Cultural: News, Travel & Trendsetters

Caroline Zurmely’s nail polish art depicts tabloid luxury


The Dallas-based creative describes her work as “guilty pleasure art.” “When you depict something, it’s like you get a little piece of it maybe,” Zurmely ponders. “I might not own any of these luxury items and you might not see me portray myself that way but it’s just satisfying…I’m just fascinated by this lifestyle that I won’t have. Like, no one will, right?” On closer inspection, the items themselves—a Chanel handbag, say, or Princess Diana’s sapphire blue engagement ring—are fiercely emblematic of a glossy exterior world. A gilded circle that celebrated high society and inaccessible opulence and a specific kind of conservatism that penetrated popular culture, printed and fed to us by magazines to be reconstructed in the eyes of the beholder.  

This habitual indulgence, of which many of us are collectively “guilty” of and take pleasure in consuming, is not unlike scrolling through the looking glass of social media. These pictures, this influx of information, of strangers and celebrities we will likely never meet, have the power to make us spiral into a panic of wanting. Of course, it’s futile to measure one’s worth in relation to someone else’s curated storyboard of selfhood.

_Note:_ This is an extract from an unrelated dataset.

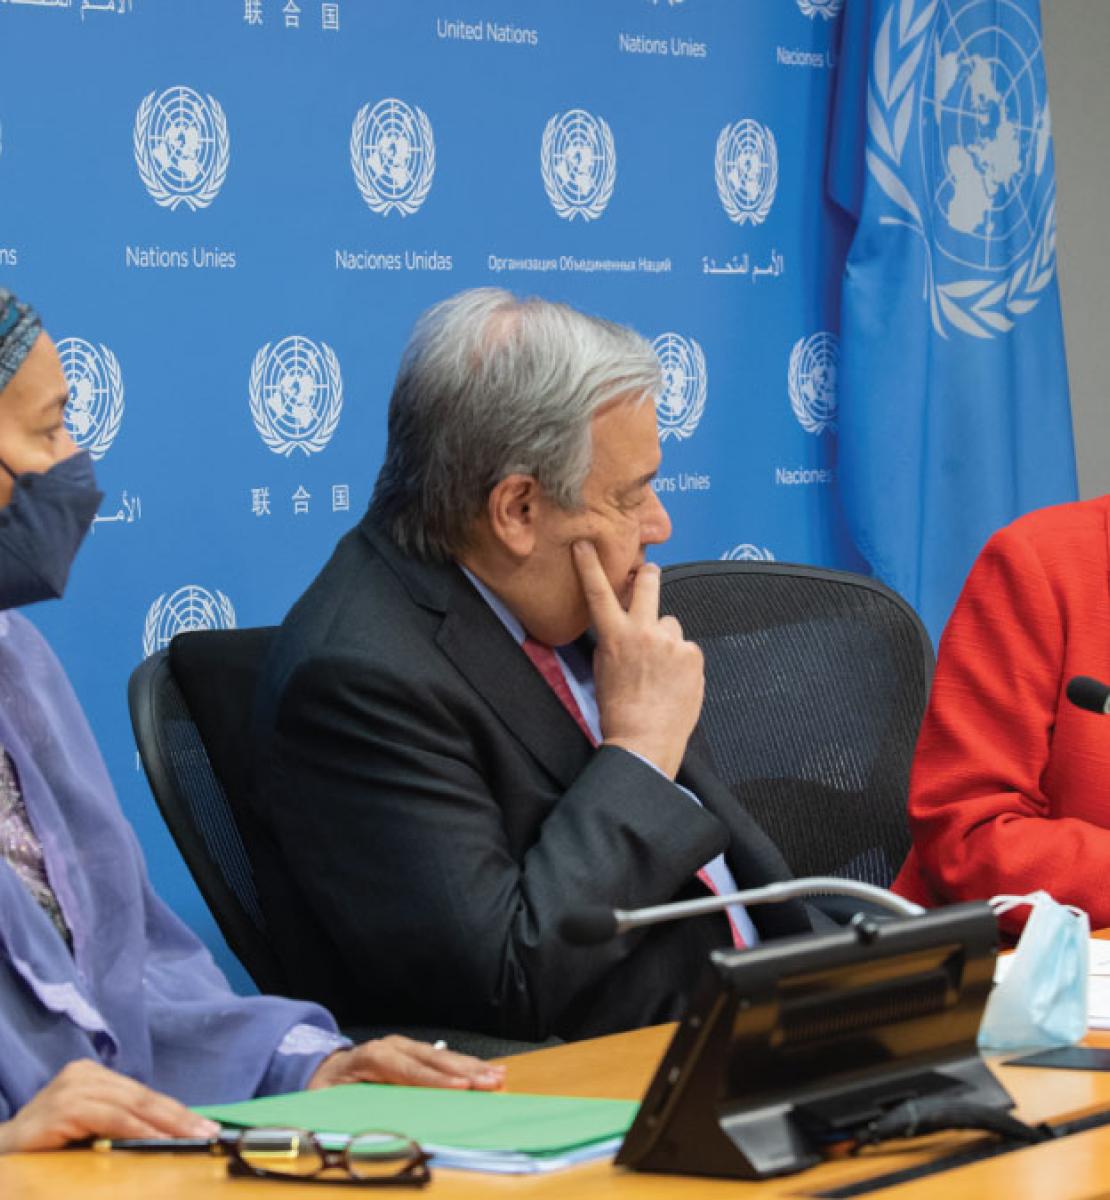 A man, the UN Secretary-General, sits between two women amid a lively discussion, with UN logos behind them.

In many ways, Zurmely draws us into a more liminal space that celebrates both the grit and the glamor. “My paintings are very shiny but when you get up close to them they’re a little bit gnarly,” she says. “Sometimes the texture is not perfect, sometimes there are bubbles.” It pays to remind ourselves every now and again of the imperfection that pervades every person’s life, regardless of where one resides on the status ladder, even when we’re staring at the “perfection” of these luxury, celebrity moments . There is always more going on, more layers, than what is viewed in the first instance.